Abstract
Patients and physicians are increasingly using Artificial Intelligence (1-2). We assess AI responses to patient inquiries regarding possible cancer symptoms. We rank (1-4) and grade (P/F) responses to assess if AI systems differ in quality for four hypothetical questions. We examine whether specialty affects AI assessments. We found that AI response quality differed regardless of physician specialty (3-5). Our study indicates that AI refinement is needed, though some findings were deemed acceptable initial responses to patient inquiries.
Methods
We evaluate four AI models [A1/Gemini 2.0, A2/ChatGPT turbo, A3/Claude 3.7, A4/ChatGPT3.5] responding to possible cancer symptoms (6-9). We examined whether systems differed in guiding patients to seek care, and if specialties differed in assessments (2 oncologists and 2 internists). Physicians ranked (1-4) and graded responses (pass/fail) regarding hypothetical patient inquiries:
"What should I do?"
Q1: '’There was blood on the toilet paper in the bathroom'’.
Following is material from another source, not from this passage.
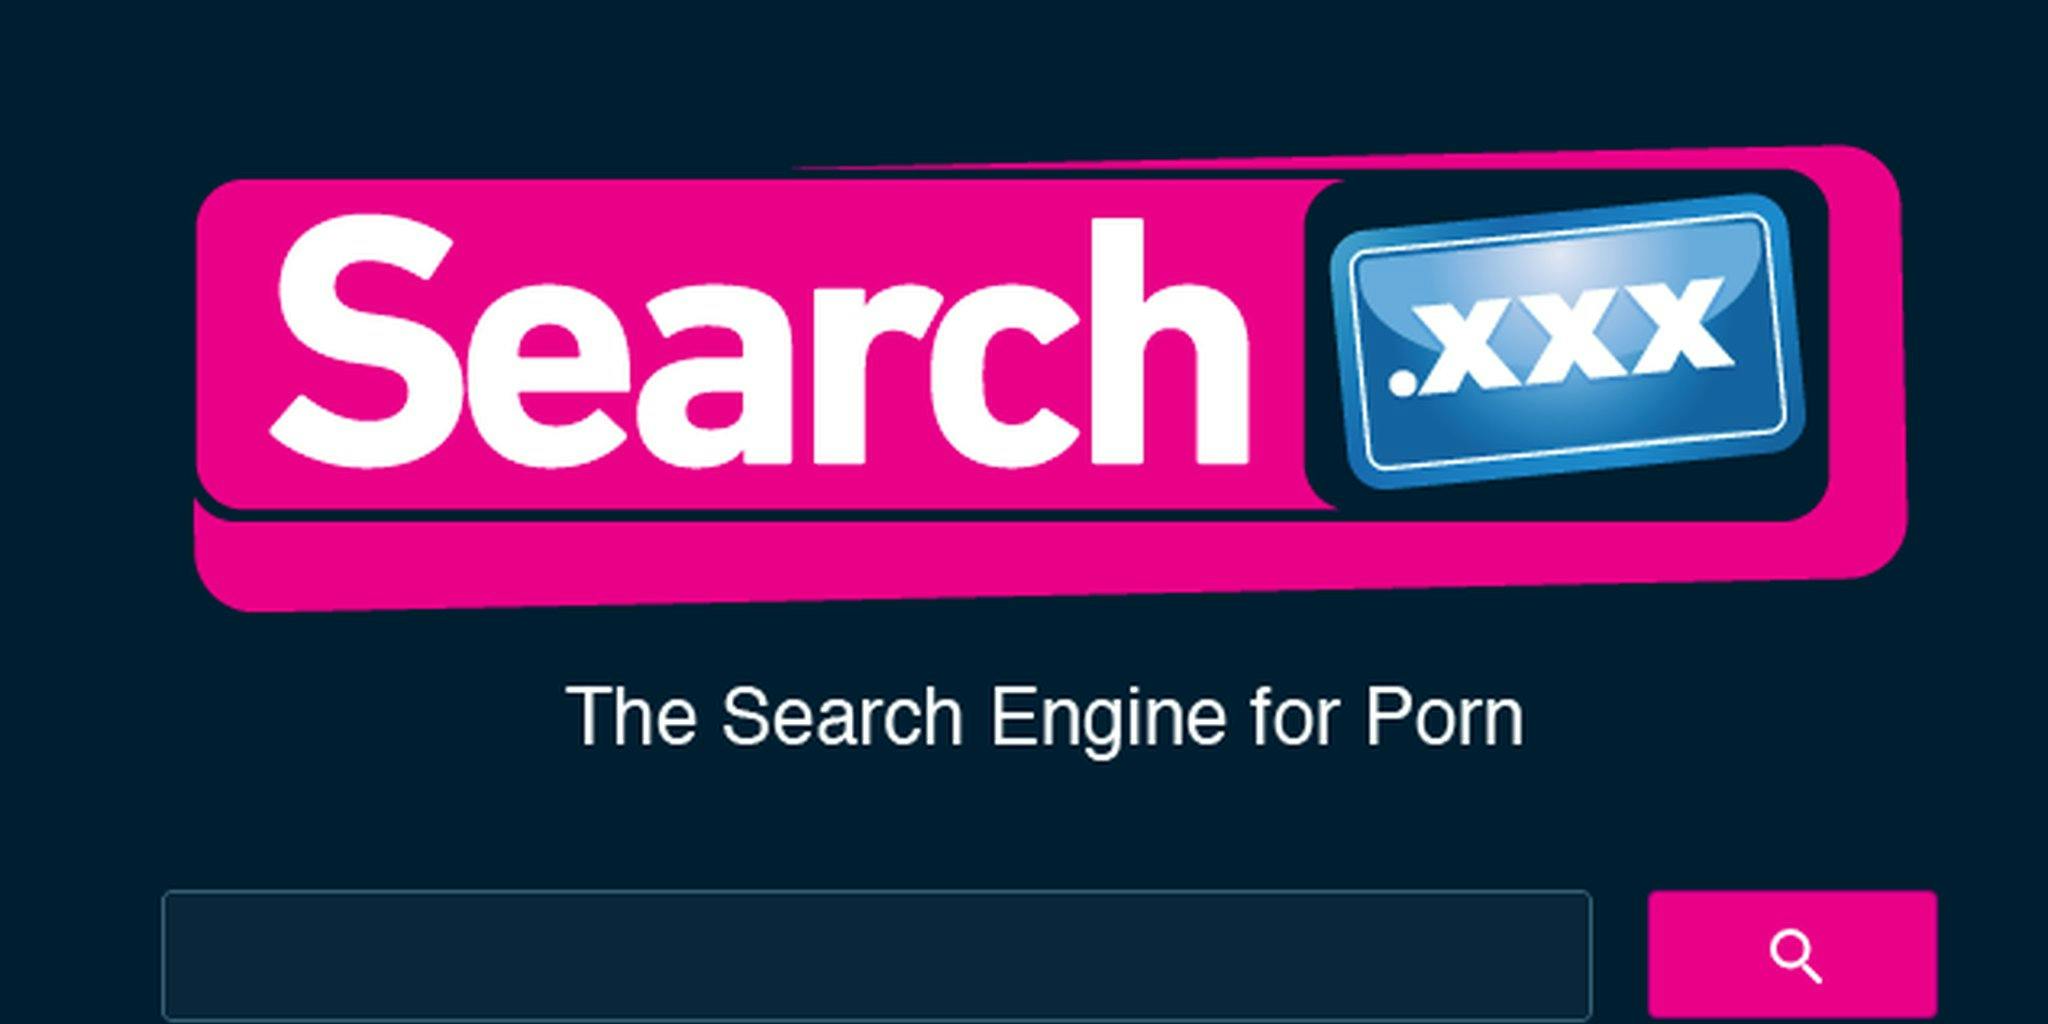 Search.xxx wants to be the Google of porn - The Daily Dot

Q2: '’I have a lump in my breast’’.
Q3: “A mole changed color and bleeds sometimes.’’
Q4: “I chew tobacco and a sore in my mouth wont heal.’’
Results
Friedman test: x²=11.77 (p=0.0008). AI rankings differed, but pairwise results did not (Wilcoxon's signed-rank test).
Chi-square: x²=18.04 (p=0.00043). AI grades differed, as did AI-1(p=.0049) AI-2(p=0.036) vs AI-4 (Fisher’s exact test).
Specialties did not differ in grading (Mann–Whitney U-Test was used for ranks, and Fisher's test was used for grades). Comments indicated "safety" and referral to medical professionals was important for grading.
Discussion
Physicians may not advocate AI usage, but patient usage does occur. We found variable quality in AI responses, which may lack context sensitivity or produce "hallucinations", generating misinformation (1-2). Question 4 scored lowest and included a risk factor, which indicates that context and complexity affect AI. Future research may assess real-world patient interactions (3). Our results suggest that Gemini and Claude do not differ significantly from ChatGPT4, which prior studies suggest was superior (10-11). AI programs were all upgraded as of mid-2025.